In order for teachers to improve, not only do teachers have to want to improve, they must know how to improve and on what aspects they would benefit from focusing their attention. Schools can benefit from frameworks that provide the knowledge base of what good teaching looks like, as well as processes that facilitate the improvement of practice. A map of teaching involves a clear set of agreed standards and a way to think systematically about the complexity of the task. Mapping teaching can be less about identifying quality and proving teacher performance. It can be about empowering teachers to improve, developing a common understanding and shared language of practice.
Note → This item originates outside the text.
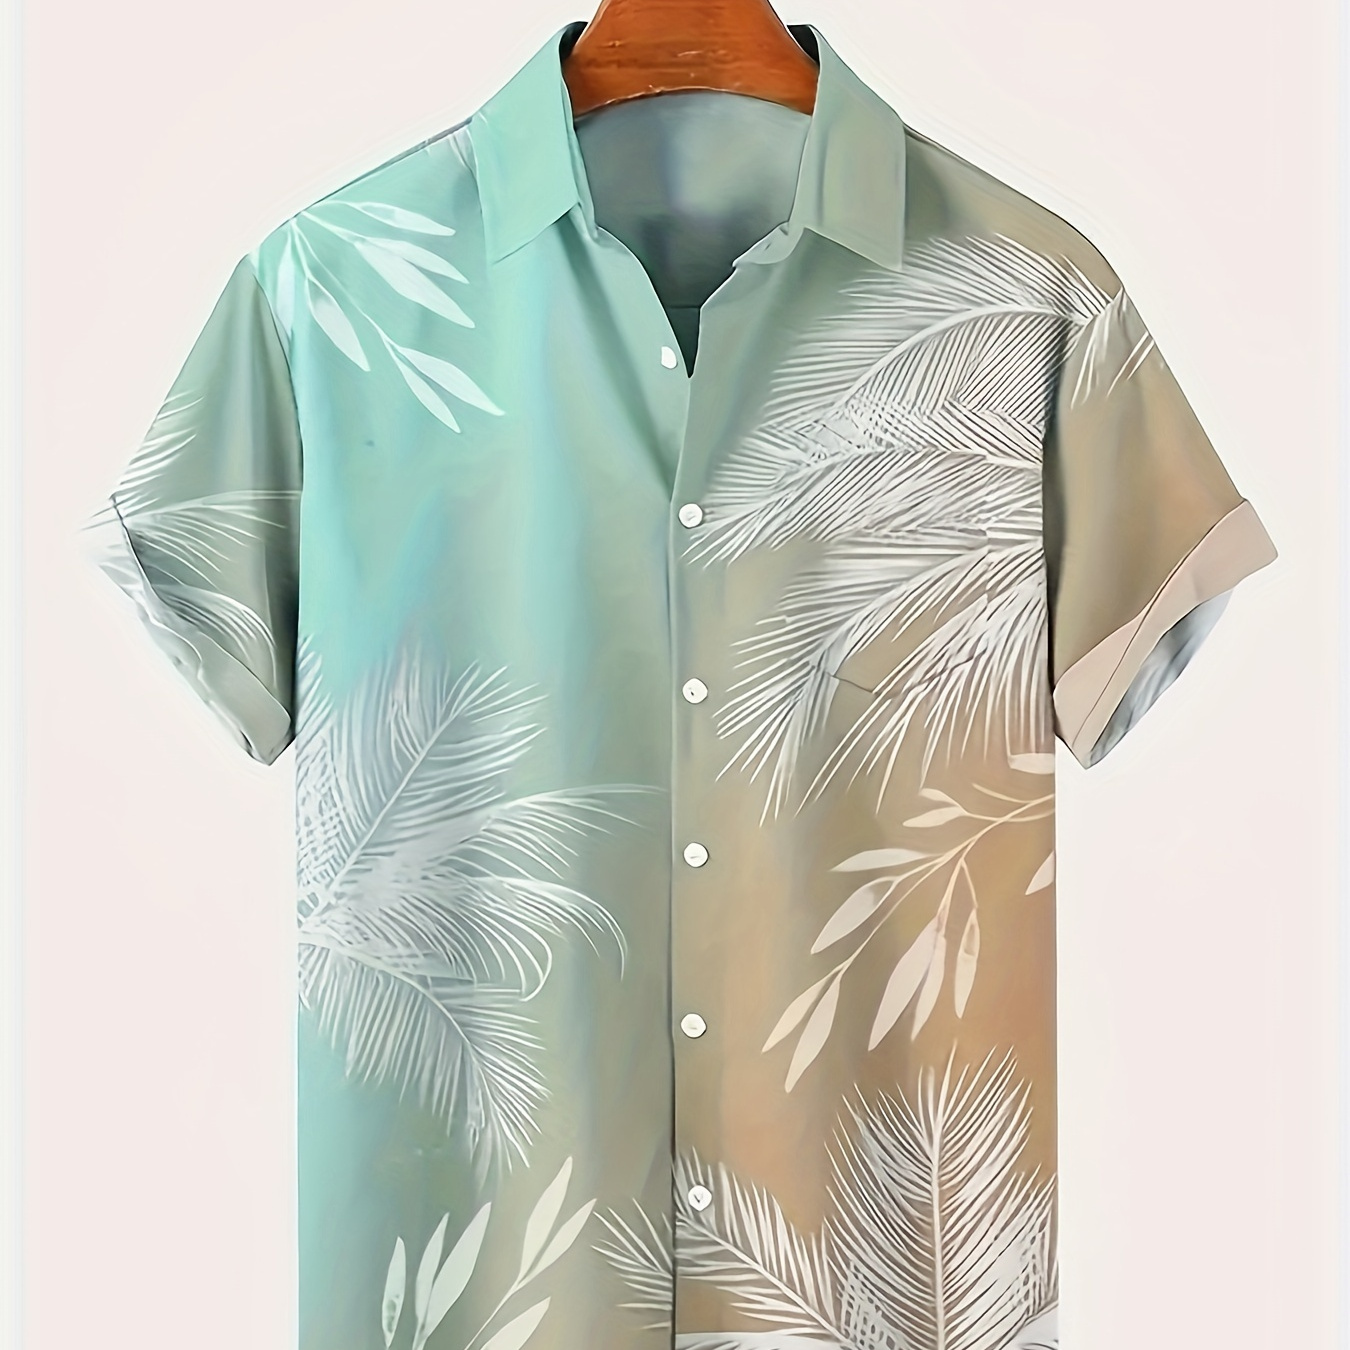 

Plus Size Men's Tropical Leaf Print Shirt For Summer, Hawaiian Style Short Sleeve Shirt For Beach Vacation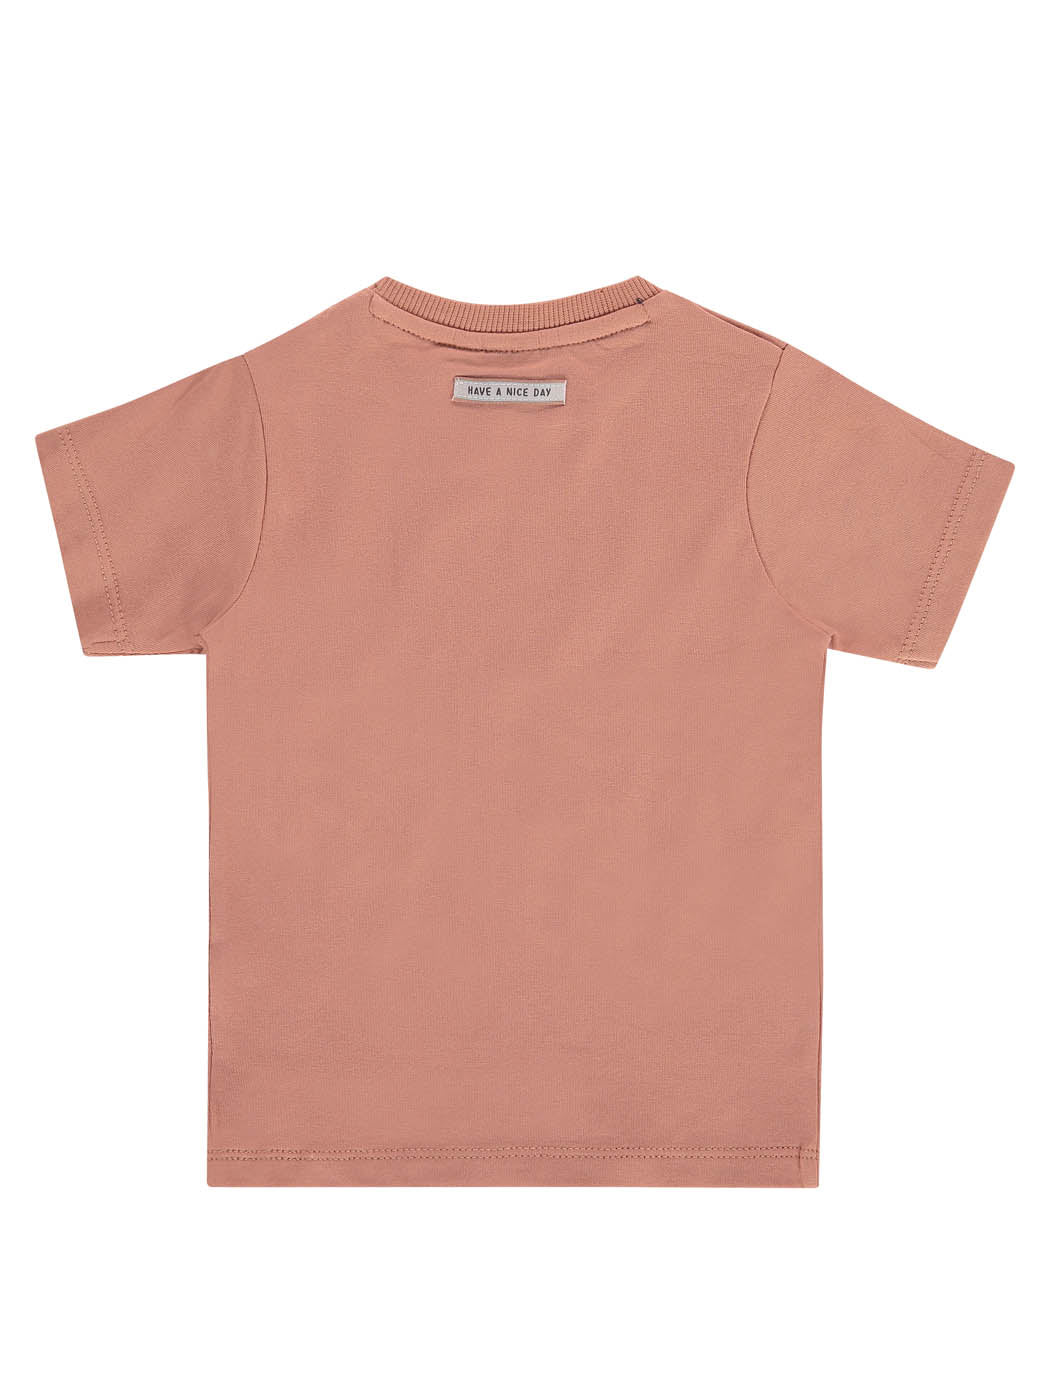 Babyface - Boy's T-Shirt - BBE21207653 Brown

Examples of attempts to address the need for a framework or map of the intricacies of teacher practice include the Danielson Group’s Framework for Teaching, the Marzano Causal Teacher Evaluation Model, and the Australian Institute of Teaching and School Leadership (AITSL) National Professional Standards for Teachers.
The Danielson Framework for Teaching, endorsed by Dylan Wiliam in his 2016 book Leadership for Teacher Learning, has been shown to: identify the most effective teachers and positively correlate their quality with student achievement gains; focus observers’ attention on specific aspects of teaching practice; establish common evidentiary standards for each level of practice; and create a common vocabulary for pursuing a shared vision of effective instruction. Students showed the most academic growth in classrooms with teachers who rated highly on the Framework, and the least academic growth in classrooms with teachers who received the lowest ratings.
Marzano’s model has also been tested in studies and meta-analyses, which report that using the instructional strategies of the model improves student achievement and helps teachers develop themselves professionally.
In evaluating the perceptions of the AITSL Professional Standards, AITSL has found that pre-service teachers were the most enthusiastic about the potential of the use of the Standards in their practice and their students’ learning, school leaders were most engaged in the implementation of the Standards, and non-pre-service teachers were least likely to perceive the Standards as useful in changing their practice or impacting their students. AITSL’s measures have concentrated on educators’ perceptions of their tool.
Frameworks such as Danielson’s, Marzano’s, and AITSL’s may have a place in helping teachers to achieve clear, measurable targets, but schools and systems using these tools need to be considered in their purpose and process of their implementation. My school uses the Danielson Framework (overlaid with the national AITSL Standards) as a third point in conversations, in order to help novice and veteran teachers to reflect on their lessons with specificity. It is a tool, as part of a large toolbox, for developing shared understanding.
My PhD study found that the Danielson Framework for Teaching, when used as part of a non-judgmental model of teacher growth, helps to develop teachers’ precision of reflection around teaching practice and a common language for talking about teaching and what it can look like. At my school, teachers who develop familiarity with the Framework and its descriptors find that while teaching they mentally aim for the descriptors of ‘Distinguished’ teaching; knowledge of the Framework shapes their decisions and their classroom practices.
As much of the world grapples with how to wrestle the octopus of ‘teaching’ into a small, rigid glass jar of pithy statements or political one-liners, we need to be wary of atomising teaching into disparate parts, but we can be equally open to tools that might help us deepen our professional understandings and practices. We can focus on dialogue, interrogation of practice, reflection, collaboration and growth, and on researching and critically appraising the frameworks and measures available to us.